### [TASK]
Would you output the entries below only from the line containing "Words for Thank" through the line containing "French Prime Minister", exactly as they stand and with both ends included?

### [LISTED ENTRIES]
========================================================================

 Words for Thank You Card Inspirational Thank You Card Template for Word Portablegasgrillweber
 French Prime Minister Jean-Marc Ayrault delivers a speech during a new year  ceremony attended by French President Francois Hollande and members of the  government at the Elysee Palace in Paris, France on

========================================================================

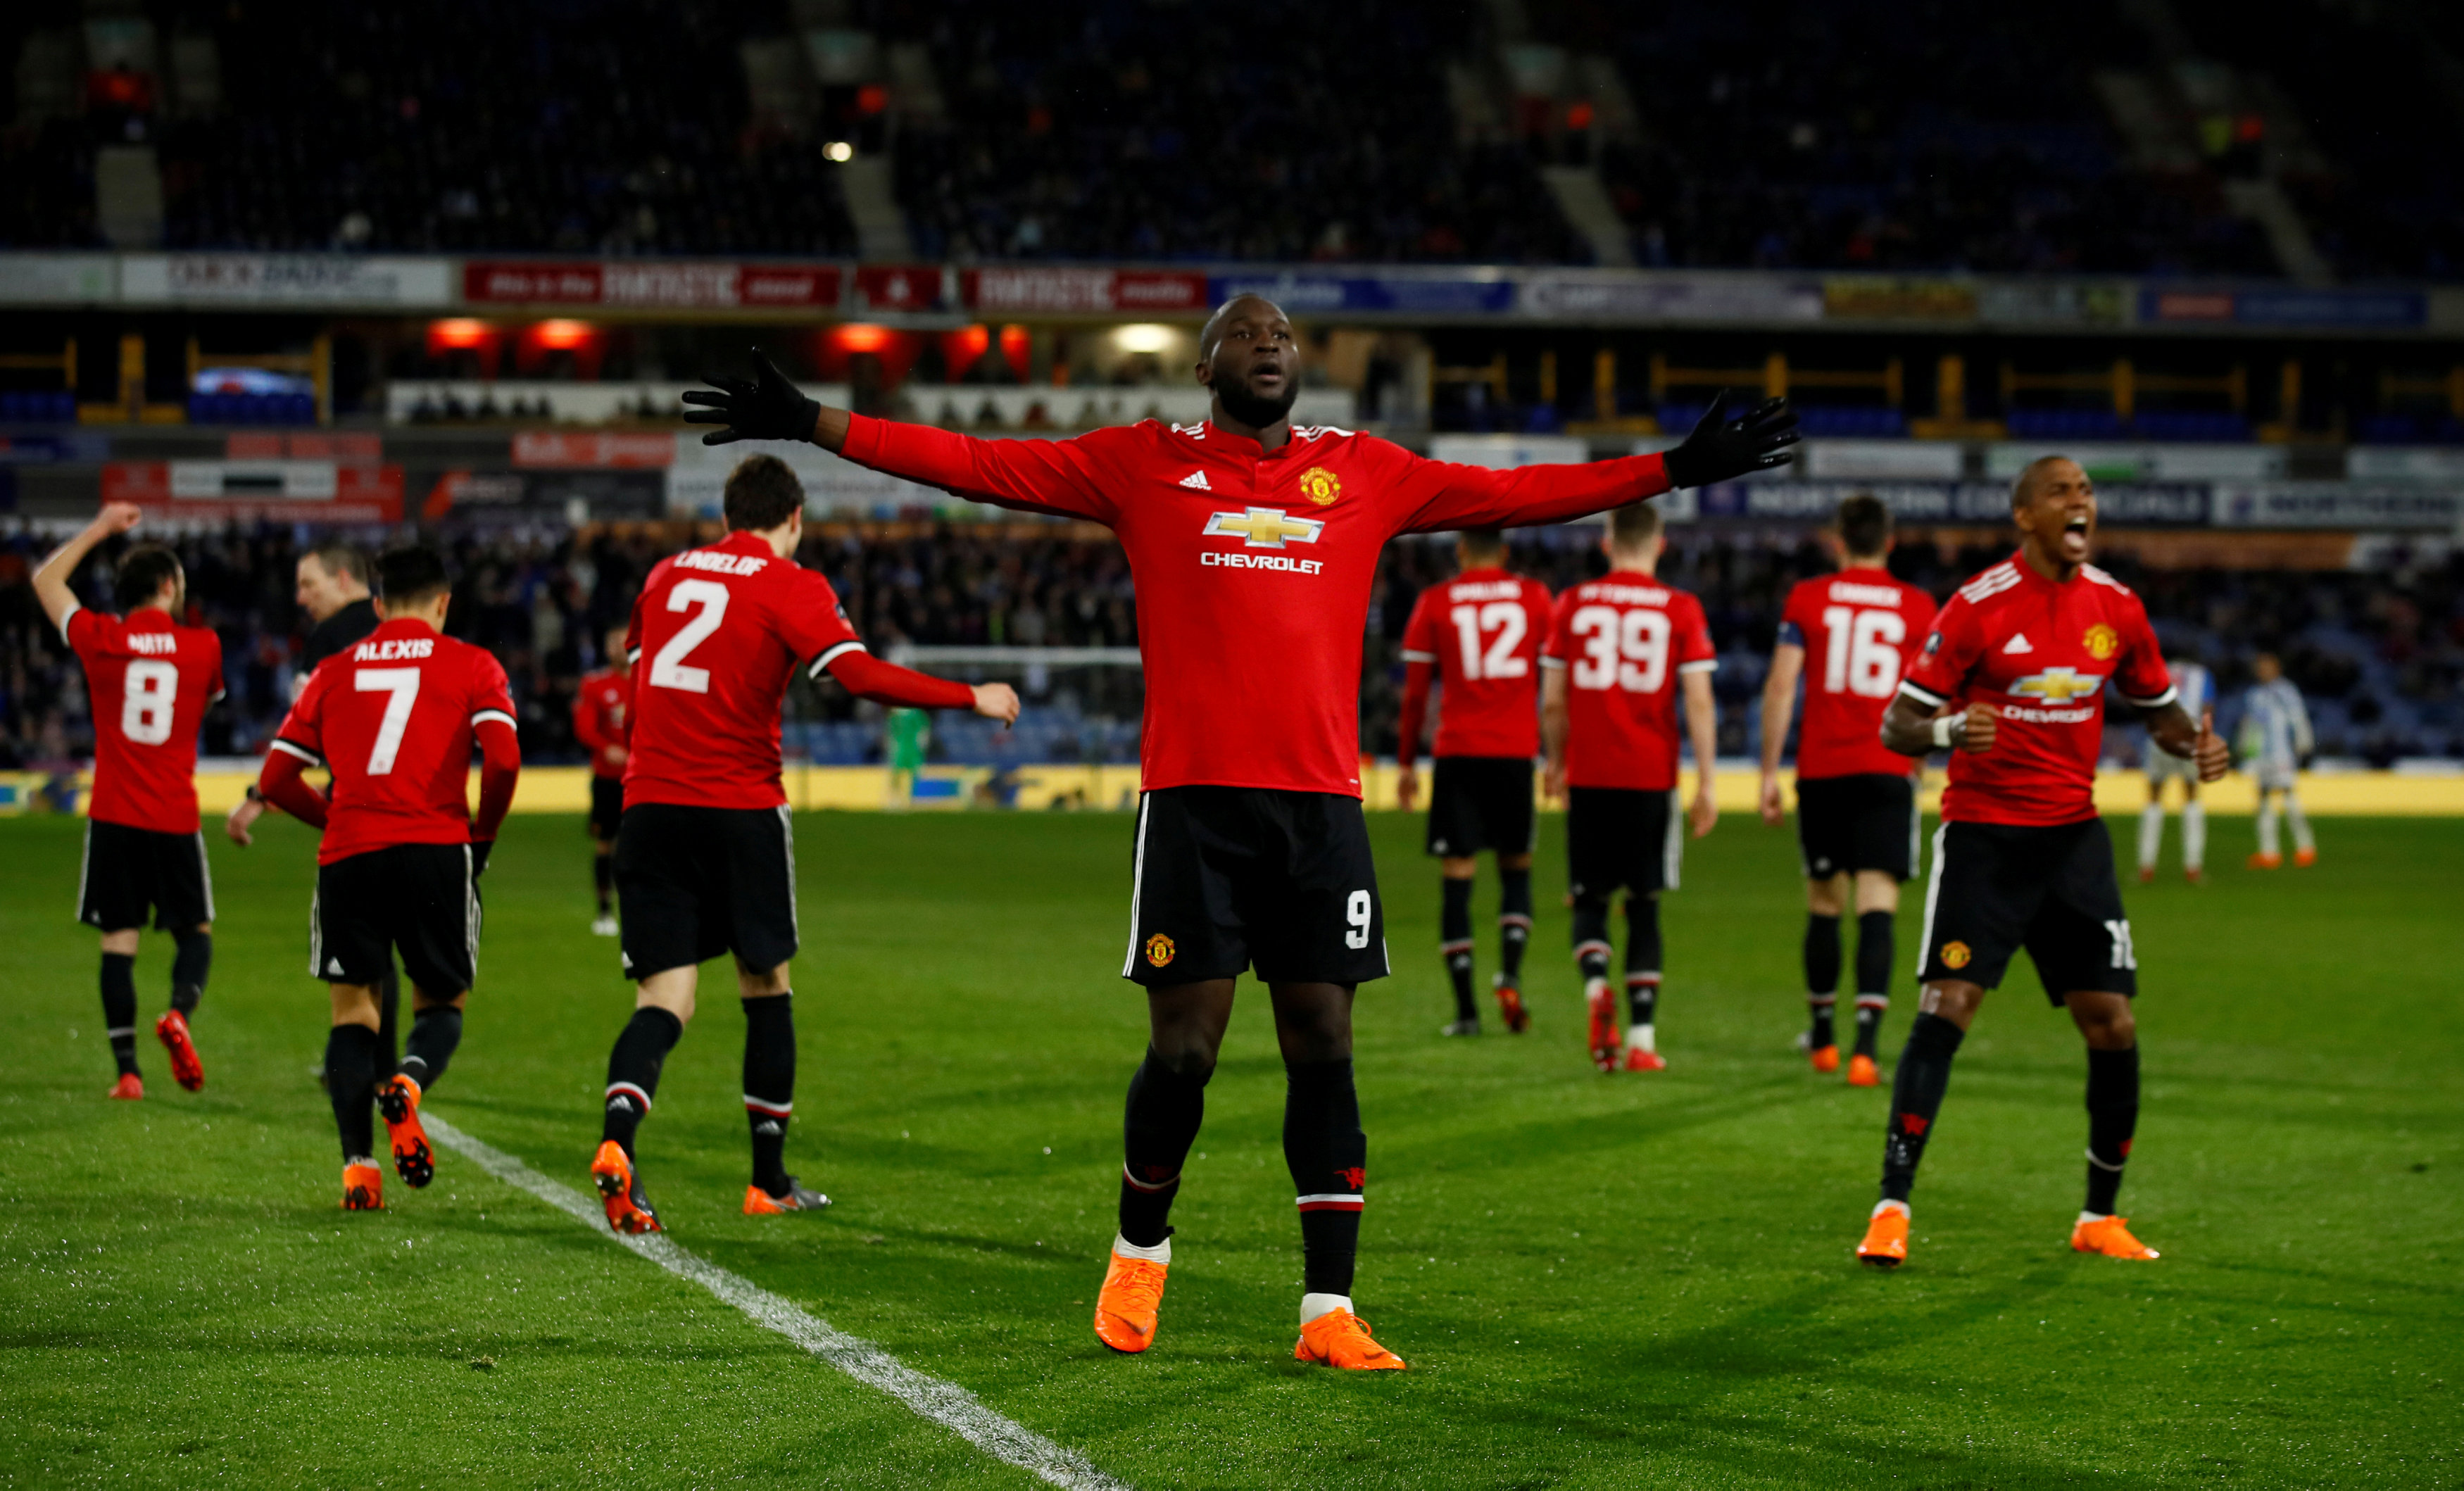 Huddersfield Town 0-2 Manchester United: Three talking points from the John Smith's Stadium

========================================================================

### [SOLUTION BELOW]
 Words for Thank You Card Inspirational Thank You Card Template for Word Portablegasgrillweber
 French Prime Minister Jean-Marc Ayrault delivers a speech during a new year  ceremony attended by French President Francois Hollande and members of the  government at the Elysee Palace in Paris, France on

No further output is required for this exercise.